__GIVEN INFORMATION__:
- Opening Delimiter -
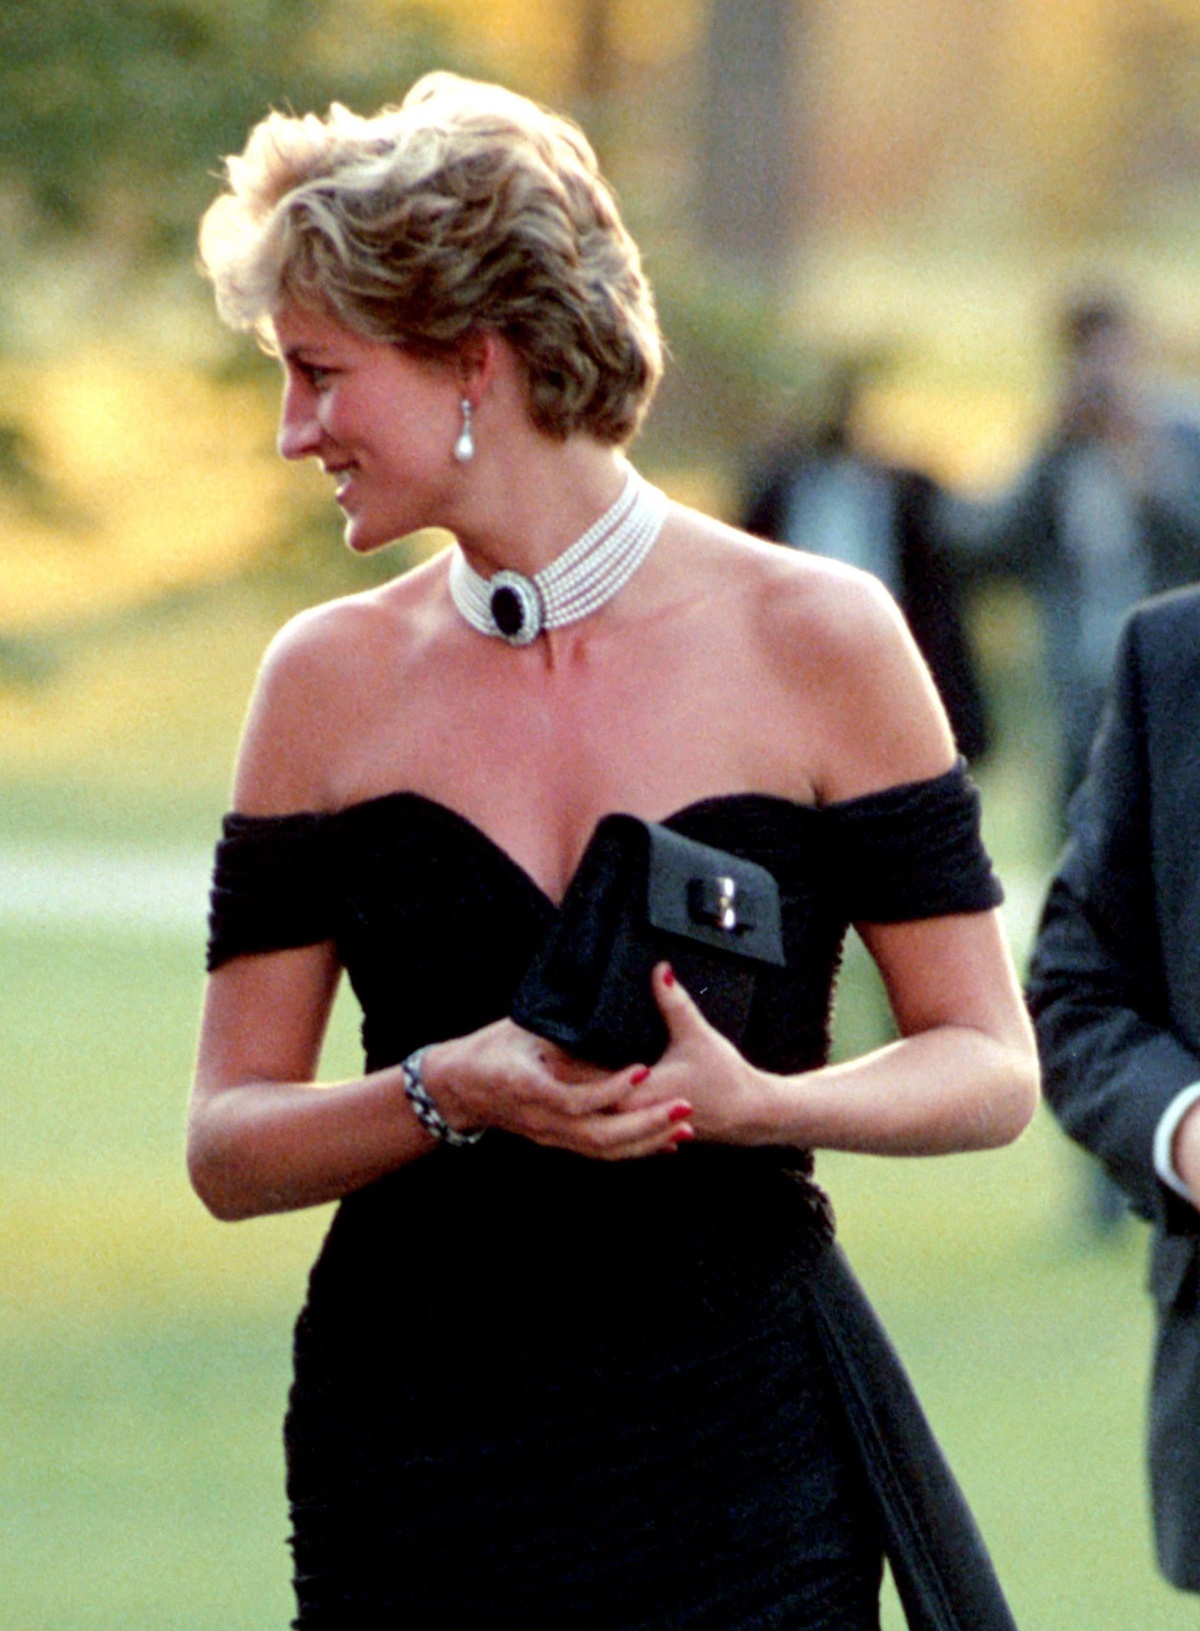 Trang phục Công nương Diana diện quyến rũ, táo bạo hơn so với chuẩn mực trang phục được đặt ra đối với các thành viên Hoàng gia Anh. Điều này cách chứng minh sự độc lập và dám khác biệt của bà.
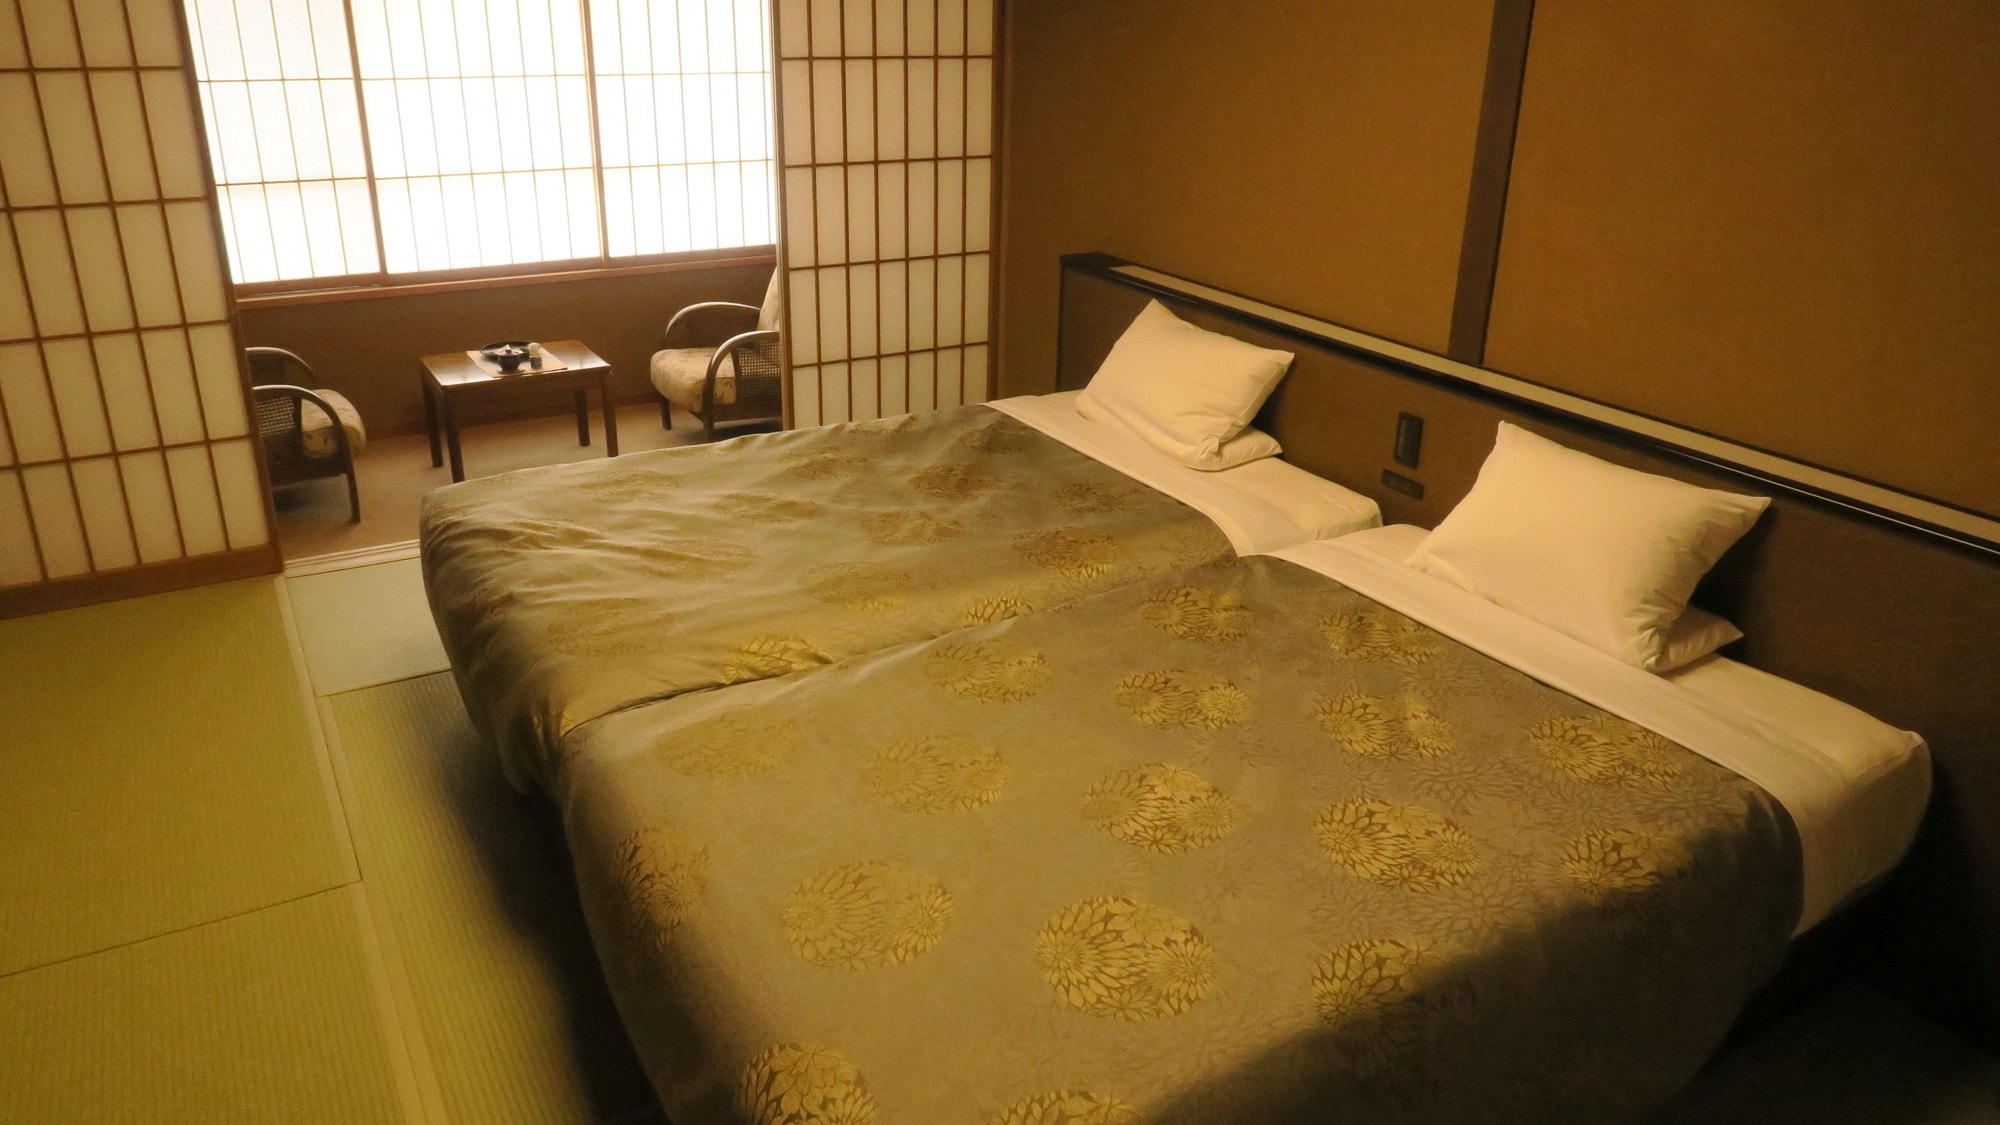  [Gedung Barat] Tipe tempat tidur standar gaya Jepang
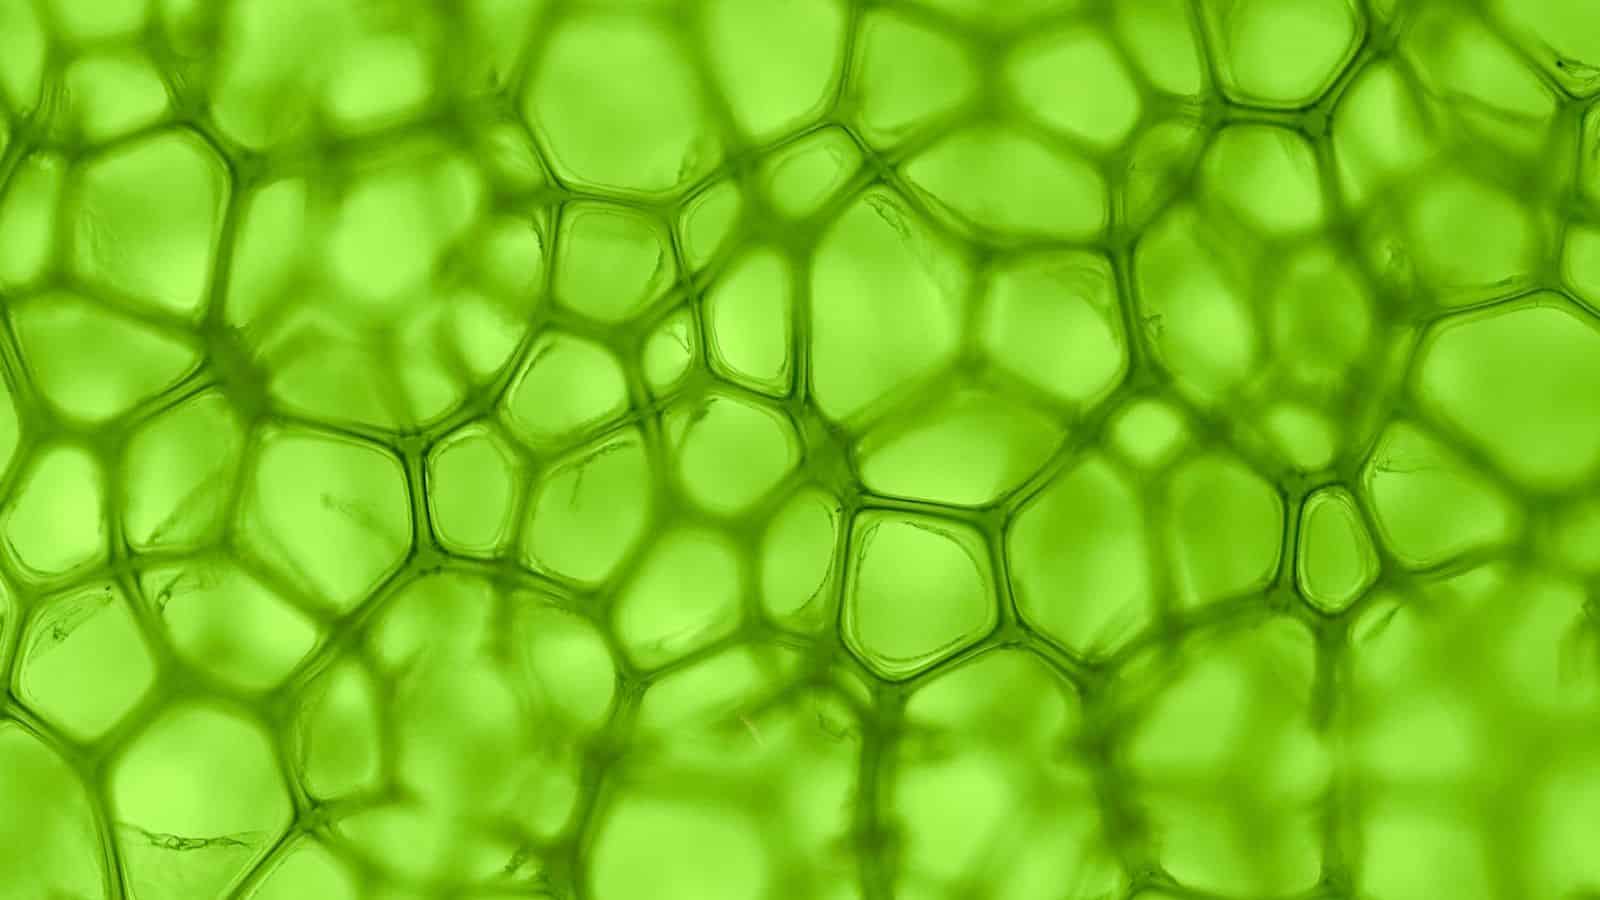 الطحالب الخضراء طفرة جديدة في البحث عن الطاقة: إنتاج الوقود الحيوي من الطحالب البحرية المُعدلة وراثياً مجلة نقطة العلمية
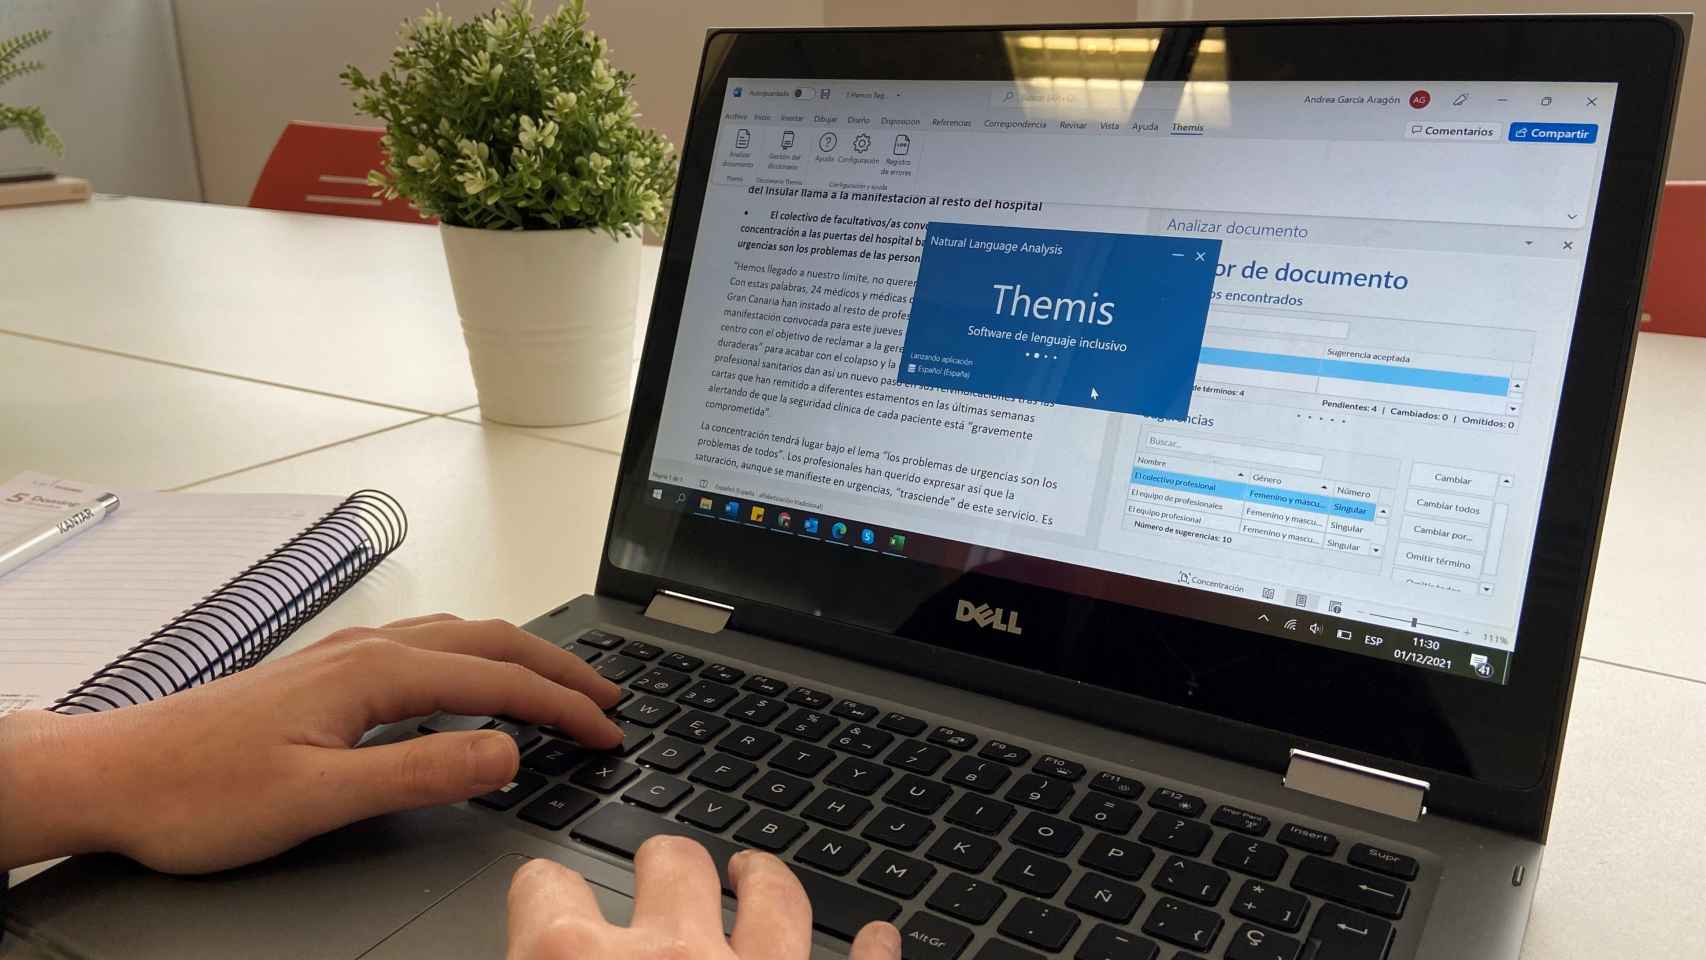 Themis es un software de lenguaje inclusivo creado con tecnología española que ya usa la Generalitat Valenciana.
- Closing Delimiter -
__REQUIRED WORK__: Every line from the top of the material above through the line with "الطحالب الخضراء طفرة" should be duplicated exactly, please; leave out the pictures.

__RESPONSE AREA__:
 Trang phục Công nương Diana diện quyến rũ, táo bạo hơn so với chuẩn mực trang phục được đặt ra đối với các thành viên Hoàng gia Anh. Điều này cách chứng minh sự độc lập và dám khác biệt của bà.
  [Gedung Barat] Tipe tempat tidur standar gaya Jepang
 الطحالب الخضراء طفرة جديدة في البحث عن الطاقة: إنتاج الوقود الحيوي من الطحالب البحرية المُعدلة وراثياً مجلة نقطة العلمية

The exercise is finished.